The AP Spanish Language and Culture Course and Exam Description, Effective Fall 2019, provides complete details about the exam.
Section I, the multiple-choice section, primarily assesses Interpretive Communication by asking students to identify main points, significant details, purpose, and intended audience of a variety of texts and to make inferences and predictions based on them. Some questions require students to show understanding of cultural or interdisciplinary information contained in the text. Each selection is accompanied by a preview that provides contextual information.
Section I, Part A, consists of a variety of authentic print materials (e.g., journalistic and literary texts, announcements, advertisements, letters, maps, and tables).
Section I, Part B, consists of a variety of authentic audio materials, including interviews, podcasts, public service announcements, conversations, and brief presentations. This section is divided into two subsections. The first subsection includes audio texts that are paired with print materials; the second consists solely of audio texts.

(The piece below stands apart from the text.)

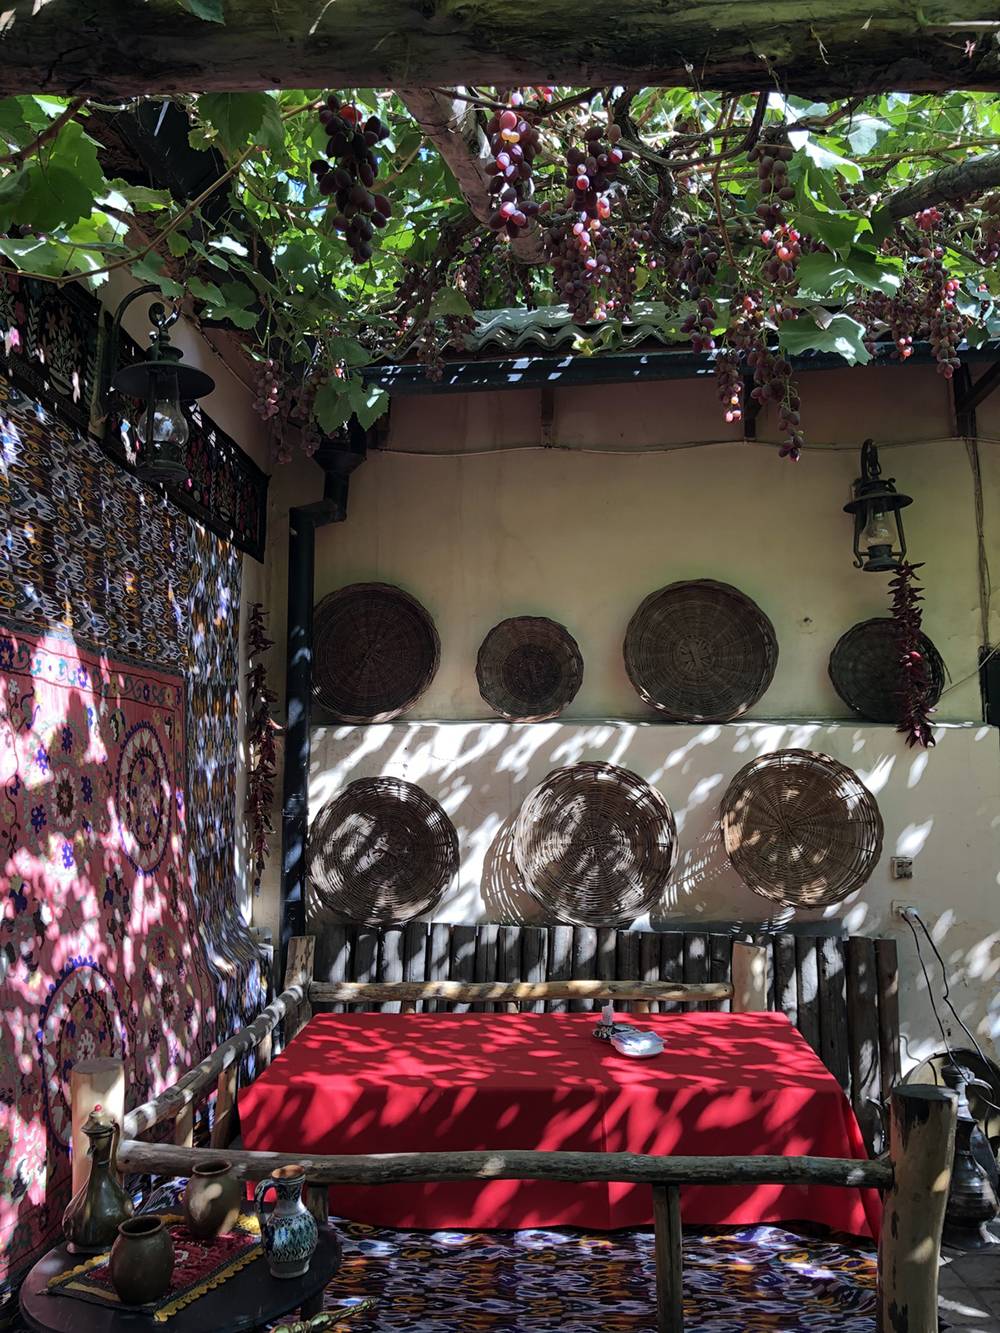 Топчан во дворе ресторана «Караван» под&nbsp;сенью винограда и августовскими бликами солнца

Students will have time to read the preview and skim the questions before listening to the audio. All audio texts will be played twice.
Section II, the free-response section, assesses Interpersonal and Presentational Communication by requiring students to produce written and spoken responses.
In the writing portion, students demonstrate their ability to write in the Interpersonal Mode by reading and replying to an email message. Then, using the Presentational Mode, they write a persuasive essay based on three sources that present different viewpoints on a topic. Students read an article, study a table or graphic, and listen twice to a related audio. Then they have 40 minutes to write an essay in response to a prompt using the information from all three sources to present and defend their own viewpoint. Students have access to the print sources and any notes they may take on the audio during the entire 40-minute writing period. The speaking portion assesses speaking in the Interpersonal Mode by asking students to respond to questions as part of a simulated conversation. Students are provided a preview of the conversation, including an outline of each exchange.
This portion also assesses speaking in the Presentational Mode by requiring students to make a 2-minute presentation in response to a prompt on a cultural topic.